How can religious actors contribute to the realisation of human rights in the public sphere?

“Religious actors can, and do, contribute to the promotion of human rights in many and various ways,” said Kerr.

However, when it comes to how “religion” contributes to the realisation of human rights in the public sphere, things get a little more complex. Although it may appear as if “religions” enable or stand in the way of human rights, religions, as such, cannot obstruct or contribute to the defence of human rights, she said. “Religions do not have agency in and of themselves,” said Kerr, “it is religious actors who have agency — the power to make a change.”

One way to do this is to intentionally identify issues of common concern: the situation of migrants' and refugees' integration, climate change, marginalised minorities’ living conditions, racism, equity for persons with disabilities, and religious freedom, said Kerr. “By identifying shared challenges and priorities, actors on all sides can find safe spaces to come together,” she said.

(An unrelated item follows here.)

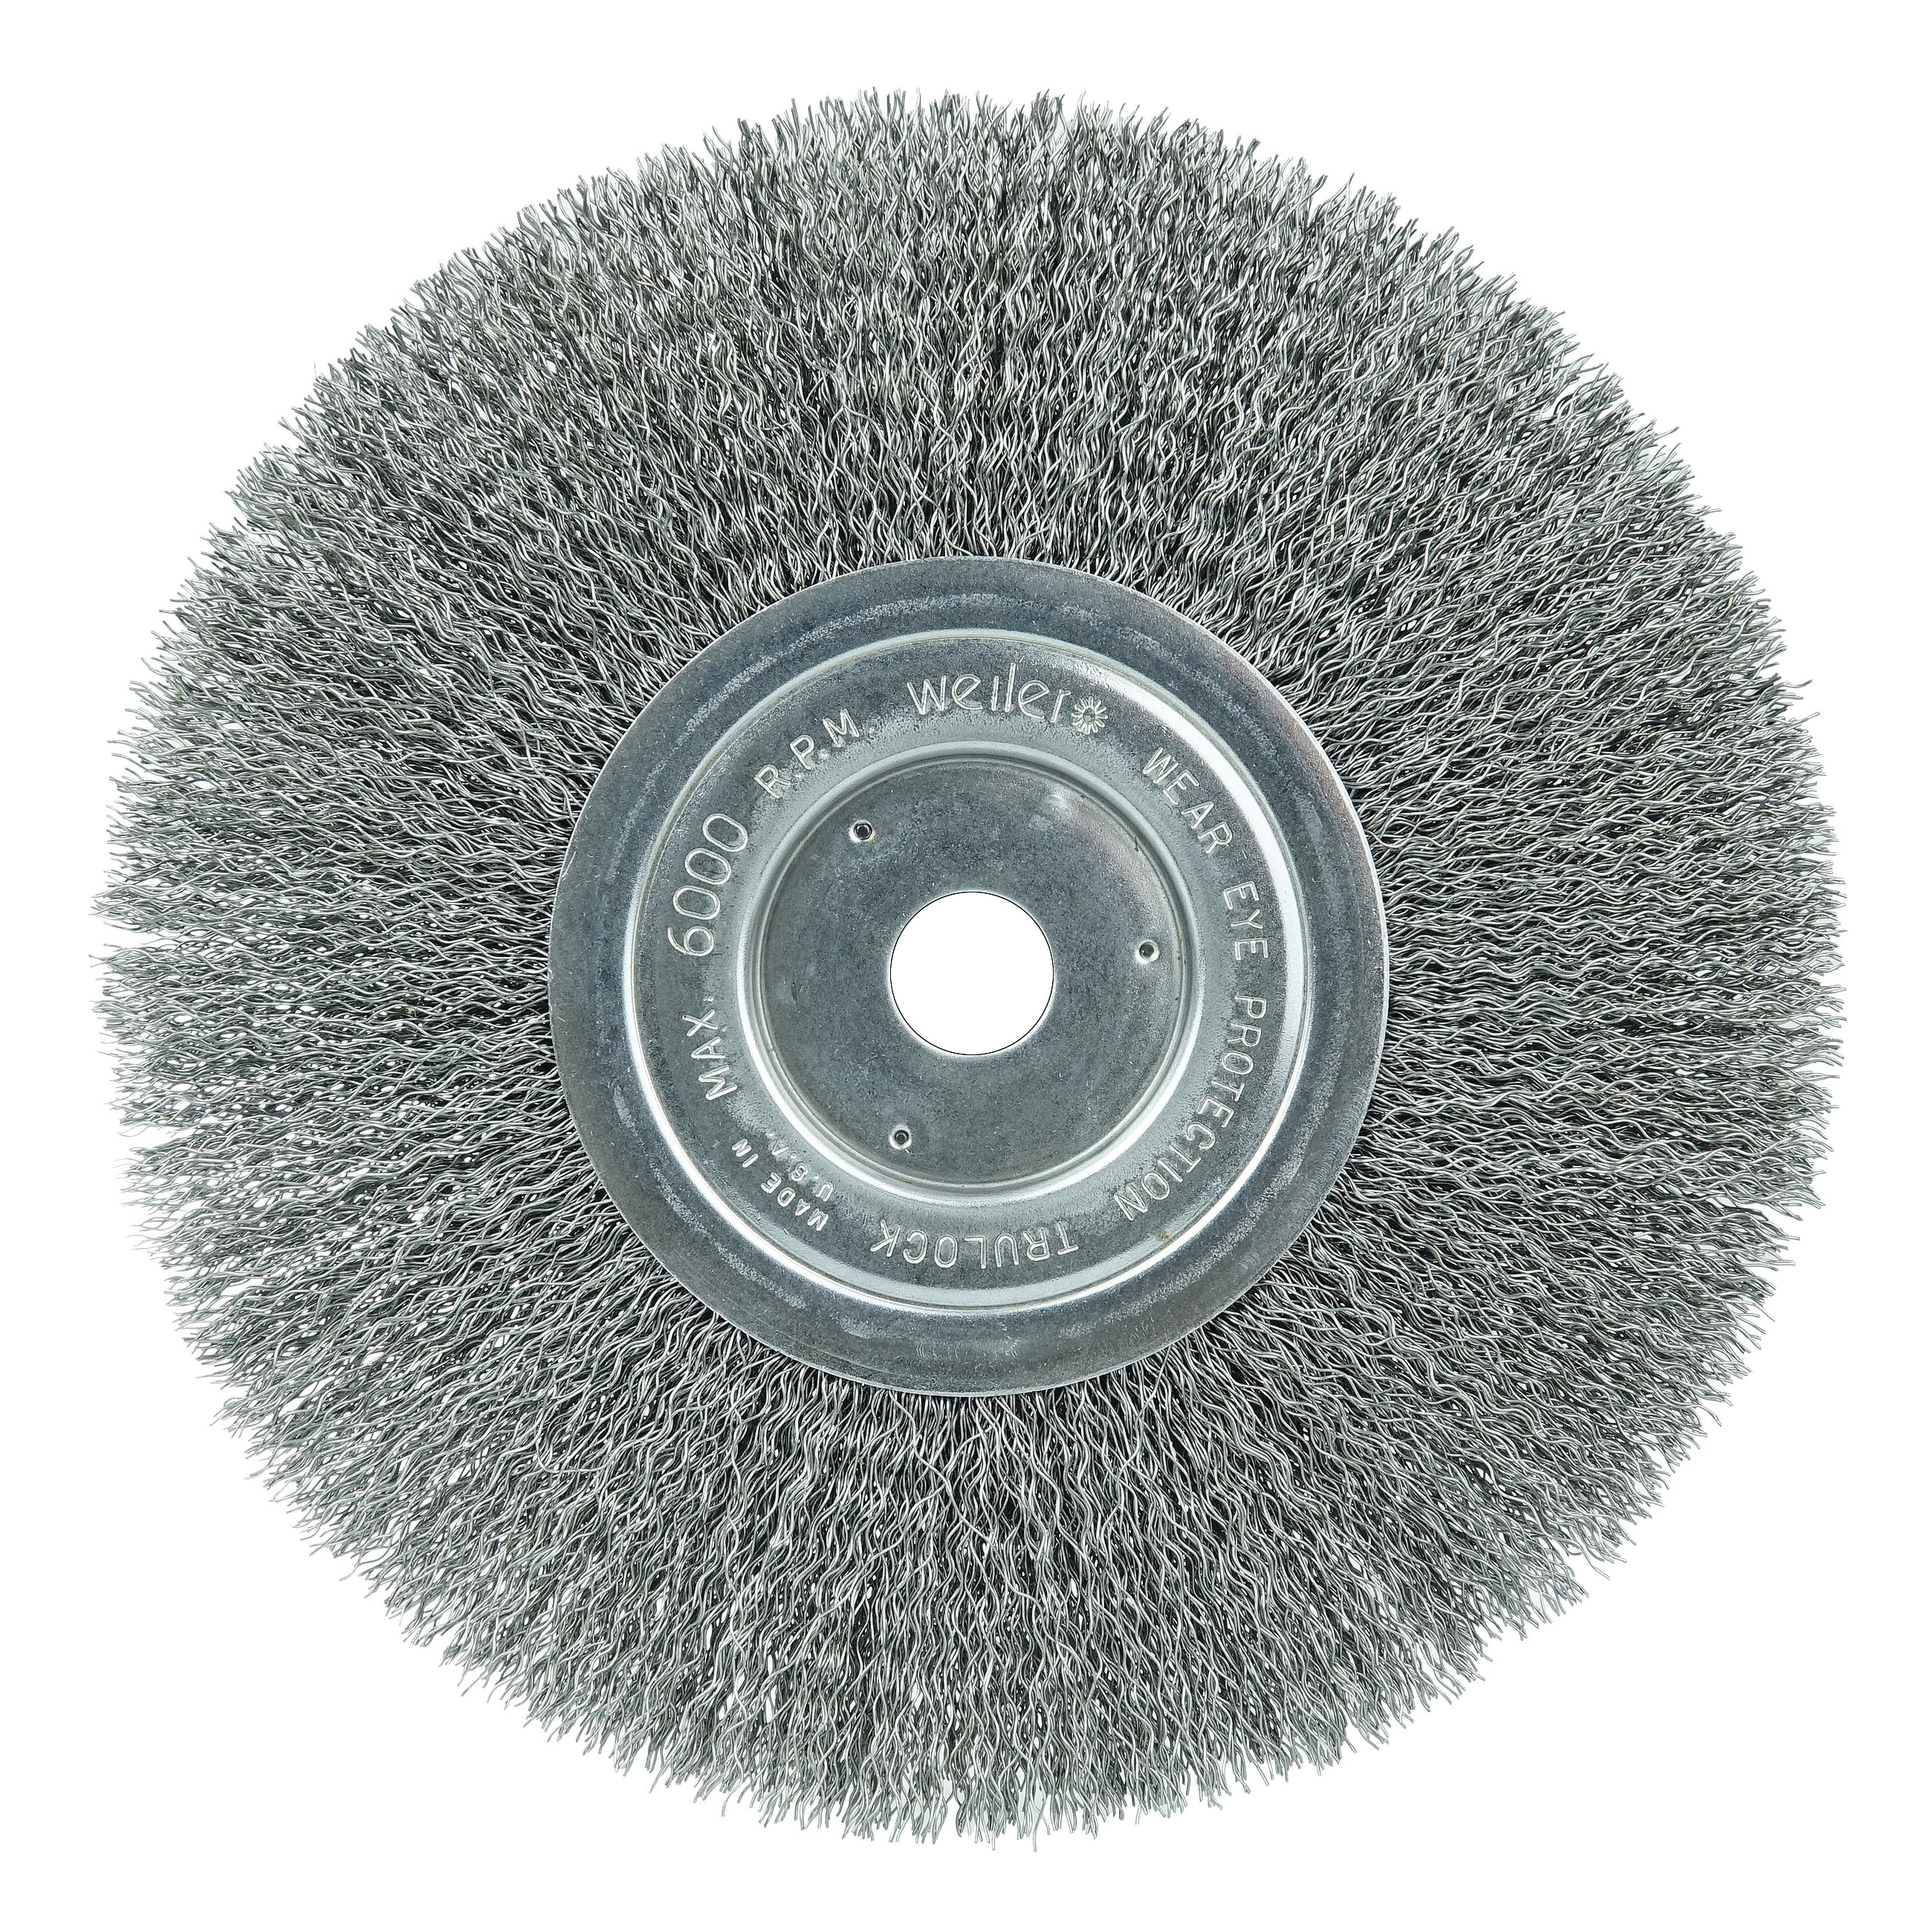 Weiler® 01175 TLN-8 Narrow Face Wheel Brush, 8 in Dia Brush, 3/4 in W Face, 0.014 in Dia Filament/Wire Crimped Filament/Wire, 5/8 in Arbor Hole
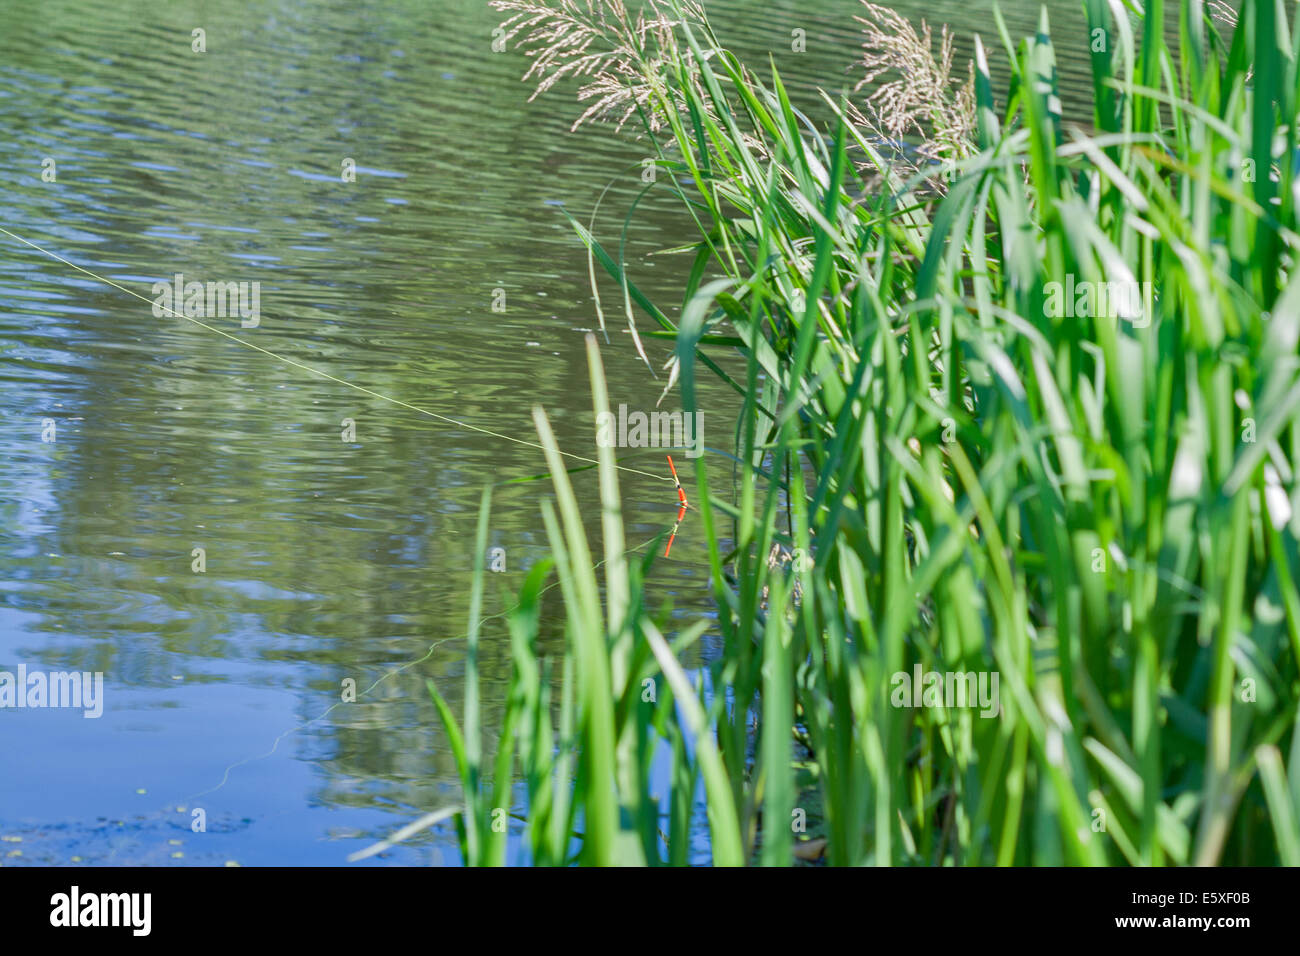 float fishing rod in the water canes Stock Photo

Starting with dialogue, Dimitrakopoulos said, religious and secular institutions, organizations, and actors can find ways to work together to achieve change. “It’s the outcome that will bring us together,” said Dimitrakopoulos.In this regard, KAICIID has a wealth of experience, he added.

Their work on issues as diverse as hate speech, integration, environmental justice, and public health has shown not only how religious actors can be a part of upholding and advancing human rights, but often take a leading role, he said. “Organizations such as KAICIID show us how the work can be done — both in theory and in practice on the ground”.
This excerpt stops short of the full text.